Working with Palladio made it possible to see more clearly the strengths and weaknesses of network visualizations. One point that was made very clear in the readings, and in the projects we examined, is that this type of visualizations require a careful and informed preparation of the data that is to be used. For this example, we were given three csv. files from the WPA Slave Narratives project that had been prepared to be used with Palladio. Even with this clear advantage, it took me a good forty minutes to upload the files. Every time I tried to load a file I got a message alerting me to an error in one of the lines. But I could not figure out what the error was. In the end, I decided not to use a downloaded file, but I simply opened it directly from the link and copied and pasted the contents into Palladio. Somehow, this did the trick and I was able start the work.  This was just a good example of how useful it is to understand the requirements of the software and the ways in which data should be presented.

For our first exercise we were asked to do a map visualization. In this case, we were to connect the place where interviewees had been enslaved with the place where they were interviewed. The first map visualization used the background of a land map, which was useful to get an idea of how far or how close former slaves had worked before they moved to Alabama. The map showed that the majority of slaves interviewed in Alabama had been enslaved relatively closely to where they were interviewed. Very few came from further north. The second visualization removed the map base, leaving an image that resembled more a network graph, but without a what nods and edges represented. This was a good way of understanding better the differences between a map visualization and a network graph and the possibilities of each of these tools. 

A third exercise asked us to produce a network graph. In this case, the particular features of the network visualization (the ability to highlight one type of nod, to make them bigger or smaller depending on the number of interviews) made the visualization more useful to discern the how many slaves interviewed in particular Alabama locations had come from other places. By focusing on some of the larger nods, a researcher could find some meaningful patters about the movement of slaves during the years after emancipation. However, I have to admit that my knowledge of the historiography on this question only allowed for some general observations, which, in this case confirmed what we had seen in the map, that slaves came from many different places, but mostly had not moved very far from where they had been enslaved.

These exercises illustrate what can be both a weakness and a strength of network visualization.

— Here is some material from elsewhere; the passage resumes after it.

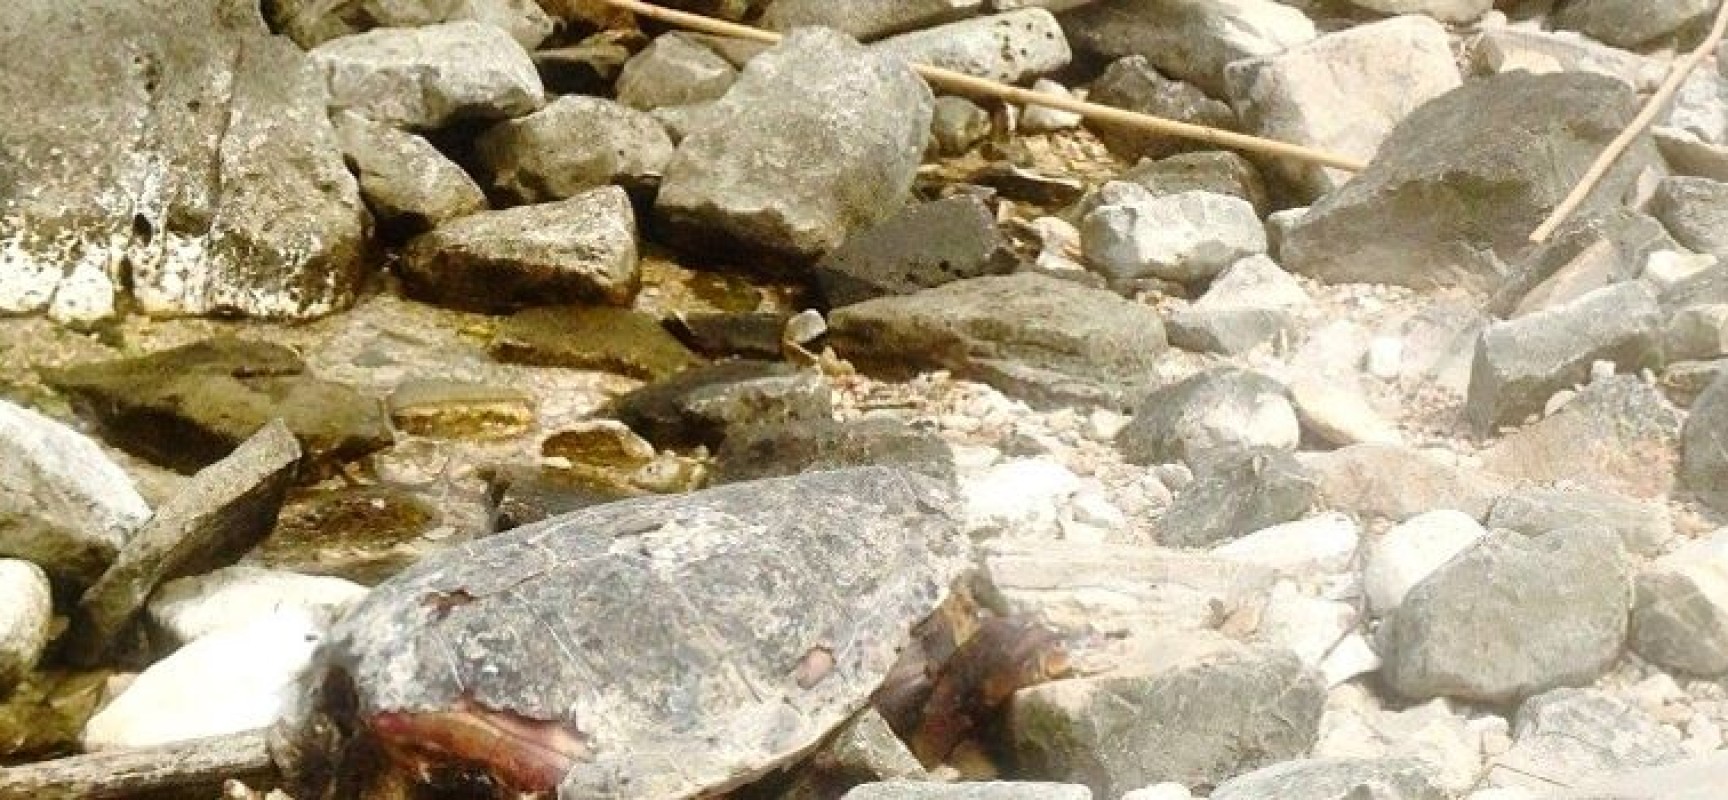 Carcassa di tartaruga marina ritrovata sulle coste biscegliesi
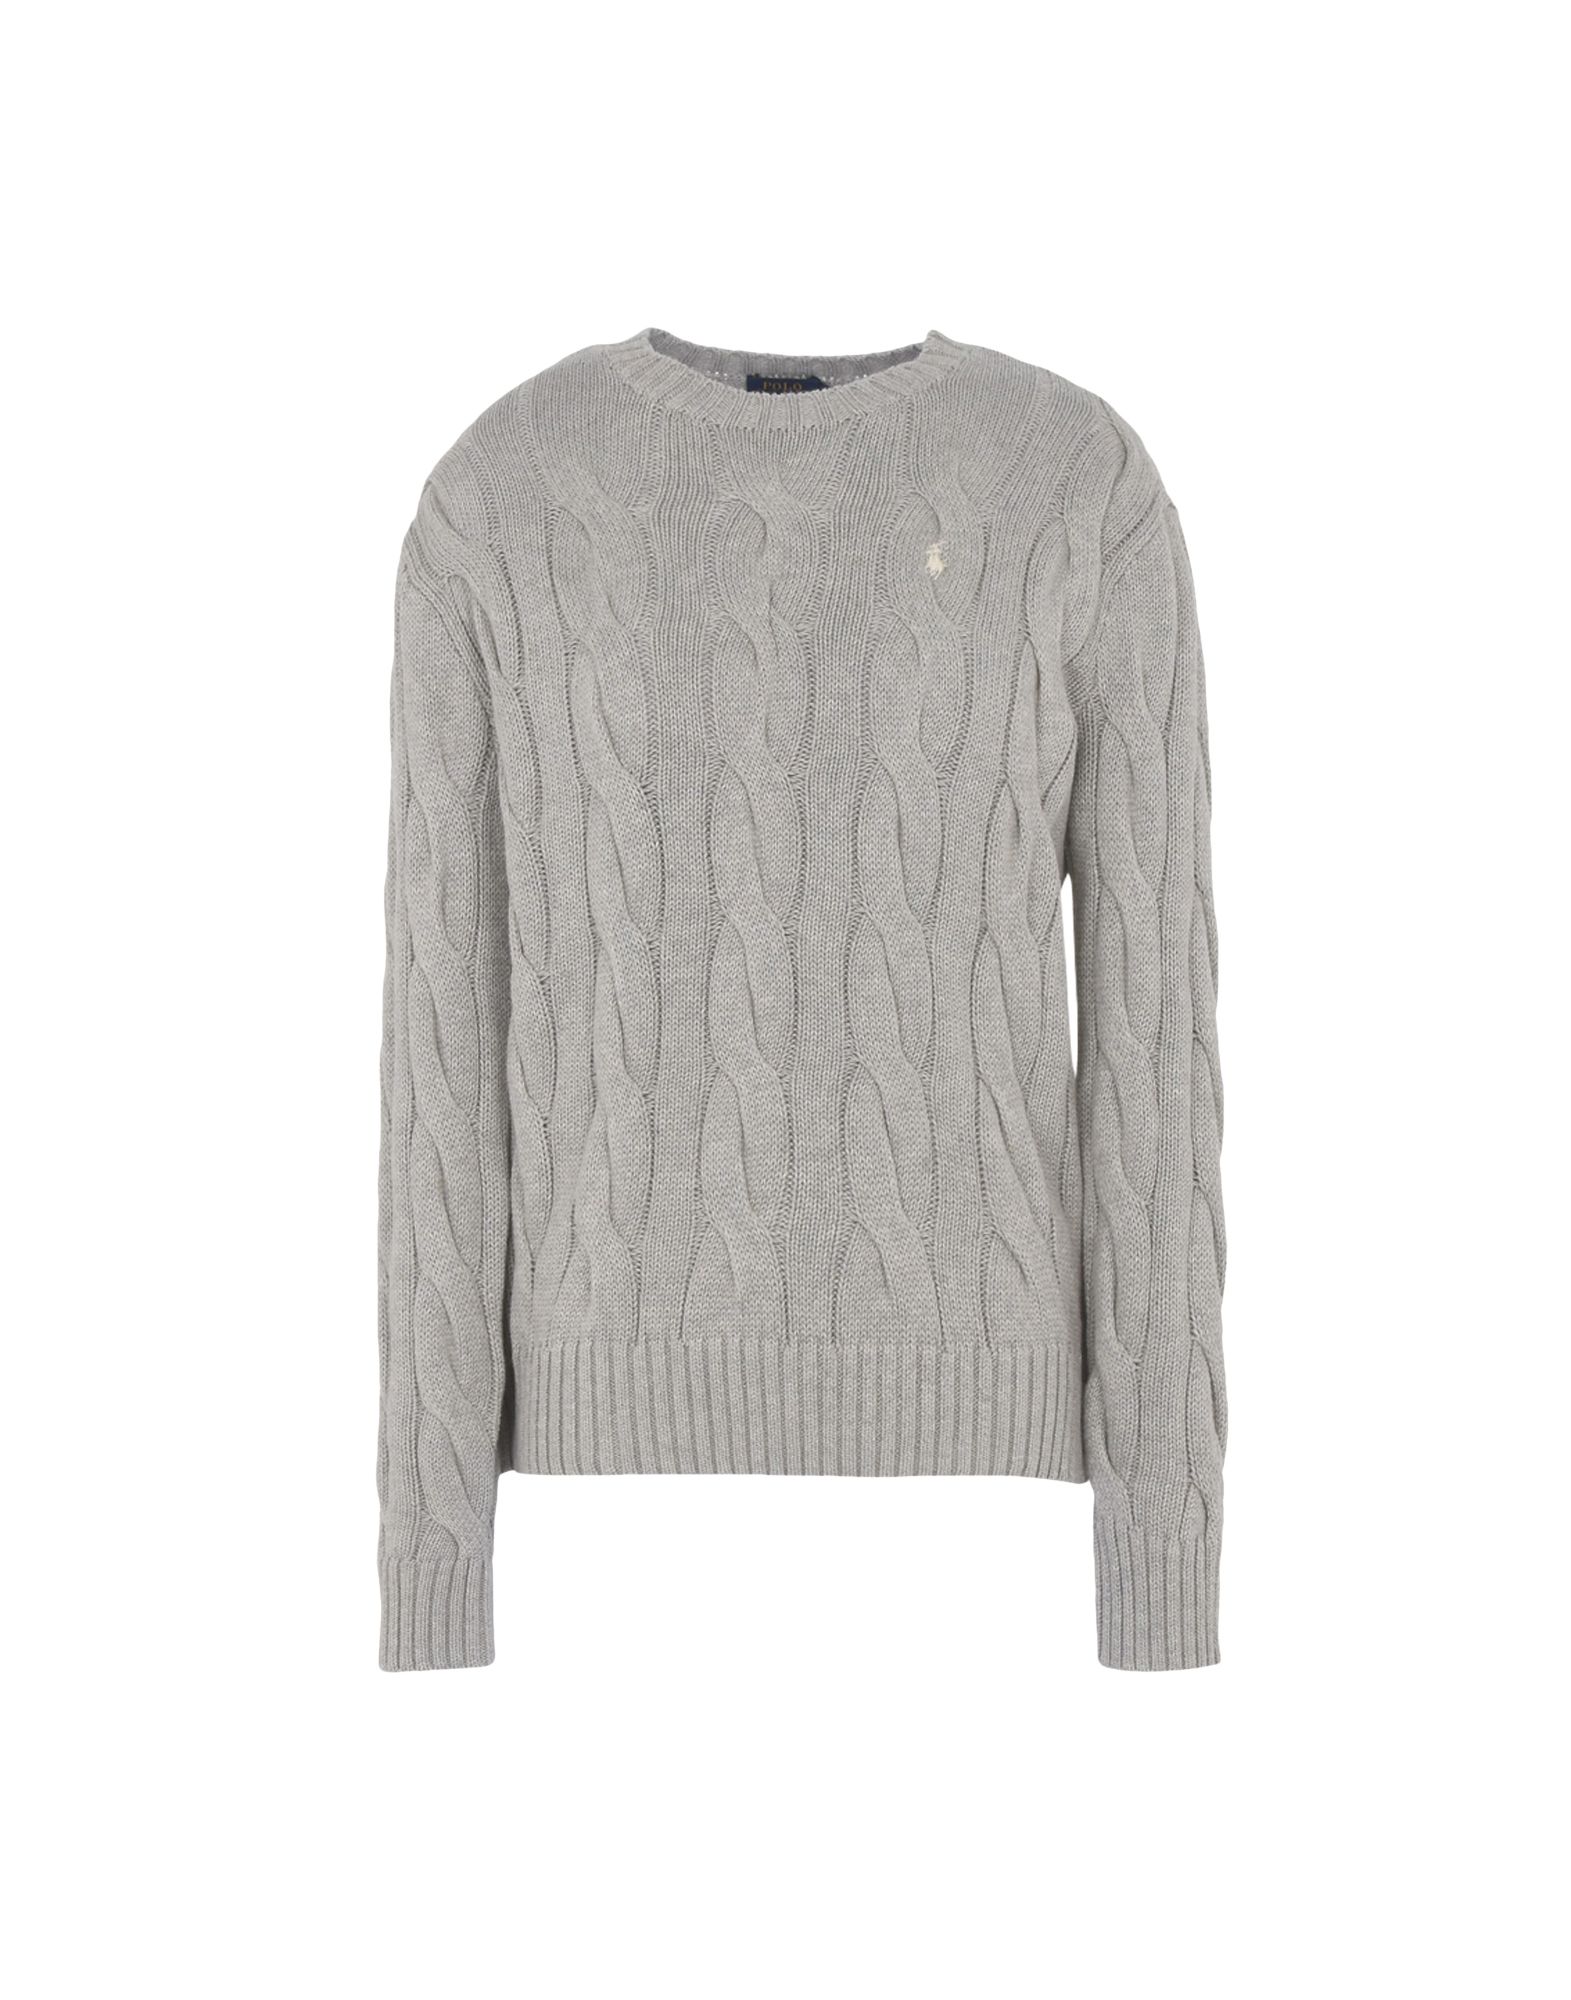 《送料無料》POLO RALPH LAUREN レディース プルオーバー ライトグレー XS コットン 100% Boxy Cable Cotton Sweater

Network graphs can tell a lot of information about discreet types of data, but they can only handle so many variables at one time, a very large volume of information can produce a visualization that is difficult to read. However, Palladio allows users to filter some of the data that goes into a visualization. For instance, we were asked to create a graph that illustrated the relationship between Interviewers and Interview Subjects. We were then able to use facets to further filter the data that went into the visualization. In this case we chose to filter by Gender and Type of  Work. I was not able to discern any particular patterns from this exercise, but it showed that the strength of network analysis relies on its ability to focus one’s attention on specific types of connections. Some will prove to be very revealing, while others much less so. But the possibility of changing the elements of the graph and exploring different configurations is where the possibilities of Palladio proved most useful.

Needless to say, however, the power and flexibility of the tool is largely contingent on the data that is used. The last set of exercises confirmed both that network analysis allows for very interesting explorations of data, but also that such data needs to be already rich and adequately formatted to allow for a successful exploration. In the last set of exercises we created network graphs that connected gender, type of work, age, and interviewer to the topics that were explored in the interviews. The different visualizations generated showed that neither of these factors seemed to have a dramatic impact on the topics addressed by former slaves. However, these observations are based on the general overall visualizations. Subtle differences may yet to be discovered if we were to further filter the data. Which brings me back to the factors that can make or break this kind of tool, first the quality and richness of the data itself, and the level of expertise of those designing and using the tool.

Could this not be asked of any other research project, digital or otherwise? Is the expense and preparation invested in this kind of project proportional to the time saved or the potential findings? In my original review I concluded that it is not always clear that the research gains justify the investment involved in creating and deploying this kind of tool. However, I also observed that what is gained may be of a different nature. Network analysis tools are not tools for the public historian hoping to bring historical thinking and historical sources to a larger public. These are sophisticated tools of analysis that should be developed by experts for experts. Their design and use require serious understanding of the sources and historiography. I am sure that had I been better versed in the history of slavery and emancipation in Alabama, some of these visualizations would have been much more meaningful to me. My experience working with Palladio, however, encouraged me to be a better historian, to be more thoughtful and intentional about the questions I ask, more careful about the assumptions I make about my evidence, and ultimately, more flexible and creative about how sources can help answer old and new questions. As it was stated repeatedly in our readings, network visualizations are not here to replace the exercise of reading through sources or becoming familiar with historiography, they are here to make us better thinkers and users of sources and historiography.

Kepler and Mapping Tools

Mapping tools allow users to organize, search, and contextualize sources and information using spatial and chronological referents. These tools enable us to create visualizations that represent the different types of information contained in a dataset, the geographical points of reference for sources, and the chronological evolution of sources and their content.

The exercise using Kepler shows that even an entry-level mapping tool can prove very useful to create visualizations that communicate different aspects of the data included in a collection of sources. For instance, the first map we created was a point map. In this type of map, every item of data (in this case every interview) appears as a single dot in a map. The number of dots in the map is equal to the total number of interviews that were conducted in the state of Alabama within the period of time covered by the dataset. This kind of map also allows the user to get some basic information about each interview, such as name, age, gender, and place of birth of the interviewee. When designing the map, it is possible to customize the kind of information available to the viewer. I found this to be a very useful entry point to the data and one that can be customized to facilitate different types of searches.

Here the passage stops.